We are starting to know what our body needs. When we try to design new foods, it happens that at first it works quite well. Problems can come later.

Meanwhile, Soylent's competitors have also arrived, including Ambronite, a 100% food nutritional drink whose manufacturer, Space Nutrients Station, has urged customers to "stop cooking and eat like astronauts".

"The idea is that Ambronite can be any meal - says its co-founder Simo Suoheimo -, without claiming to take the place of any meal".

Vegetable meat

Ambronite received $600 from investors including YouTube co-founder Jawed Karim and Lifeline Ventures, while Soylent raised more than $20 million. But other food tech companies have more ambitious plans. Among these is Impossible Foods. In fact, investors have put more than 180 million dollars into Impossible Foods, a startup that seeks to produce a vegetable substitute for meat, a sort of hamburger substitute that tastes and smells similar but is of vegetable origin.

To achieve this, potatoes and coconuts are combined with the “magic ingredient”, heme, a fermented plant-derived protein whose culinary properties are similar to meat.

"You can't get people to stop eating meat," says Pat Brown, founder and CEO of Impossible Foods. “We manage to transform plants into meat more efficiently and sustainably than animals,” he says.

However, cloning nature proved to be a tougher undertaking than Brown could have imagined. Impossible Foods' research has already completed seven years and is only now starting to offer hamburgers to select and upscale restaurants.
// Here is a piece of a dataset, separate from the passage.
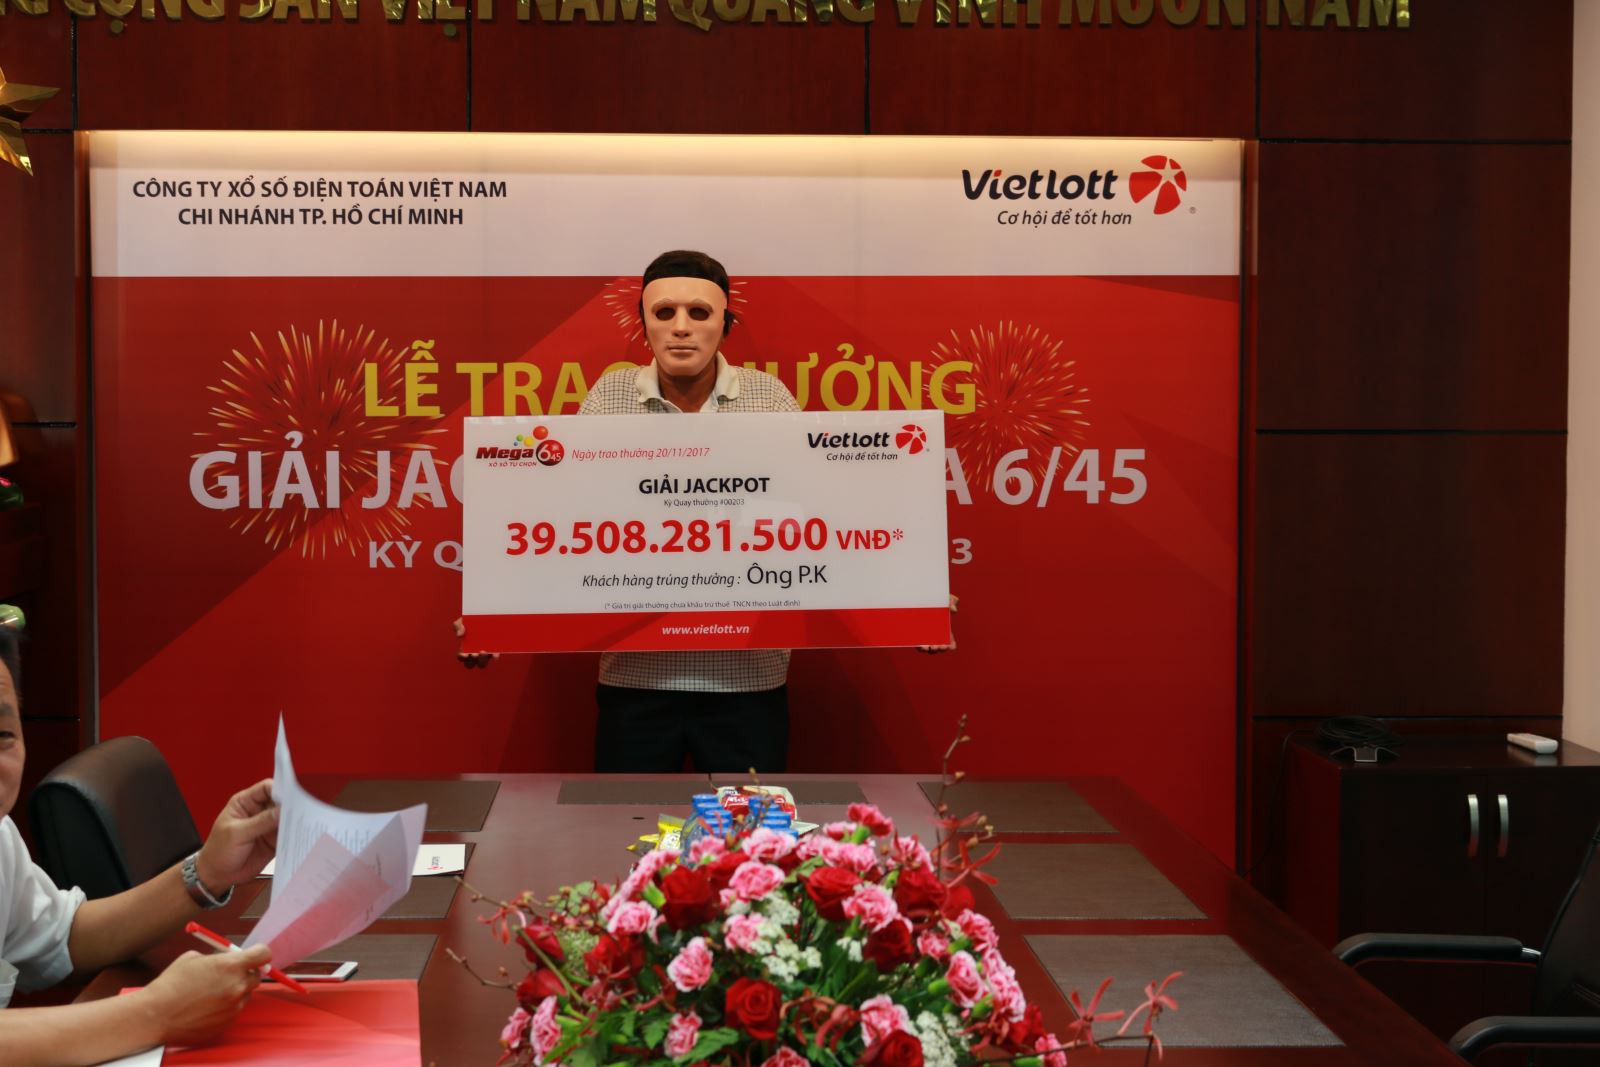 Xổ số Vietlott: Thêm một người đàn ông đeo mặt nạ nhận giải Jackpot hơn 39 tỷ đồng

We still have to wait to have a commercial scale production. Meanwhile, a pilot facility produces five quintals of synthetic meat a week. In recent years, Impossible Foods has redefined burger ingredients and reduced production costs. Brown specifies:

The cow is a very mature technology. But one huge advantage we have over the cow when it comes to producing meat is our ability to improve its properties and quality in every respect.

Meat from animal cells

Another startup, trying to turn nature upside down, is Memphis Meats. The Bay Area company is taking a different approach: growing meat in the lab from real animal cells. Uma Valeti, co-founder and CEO explains the Memphis approach this way:

We identify animal cells that have the ability to renew and reproduce faster. We breed in vitro those cells that are most effective in growth, just like a breeder would with animals.

In any event, there is the ultimate intention to remove animals from this trial entirely. Previous attempts to make the meat this way have resulted in incredibly expensive hamburgers, in the thousands of dollars. Memphis Meats hopes to reduce the price of its meatballs from $30 a gram to pennies by the end of the decade.

Bannon, of Fifty Years, which has invested in Memphis Meats, calls this approach "second domestication":

Traditionally we raise animals to harvest their cells to make food or drink. We are now starting to tame the cells themselves.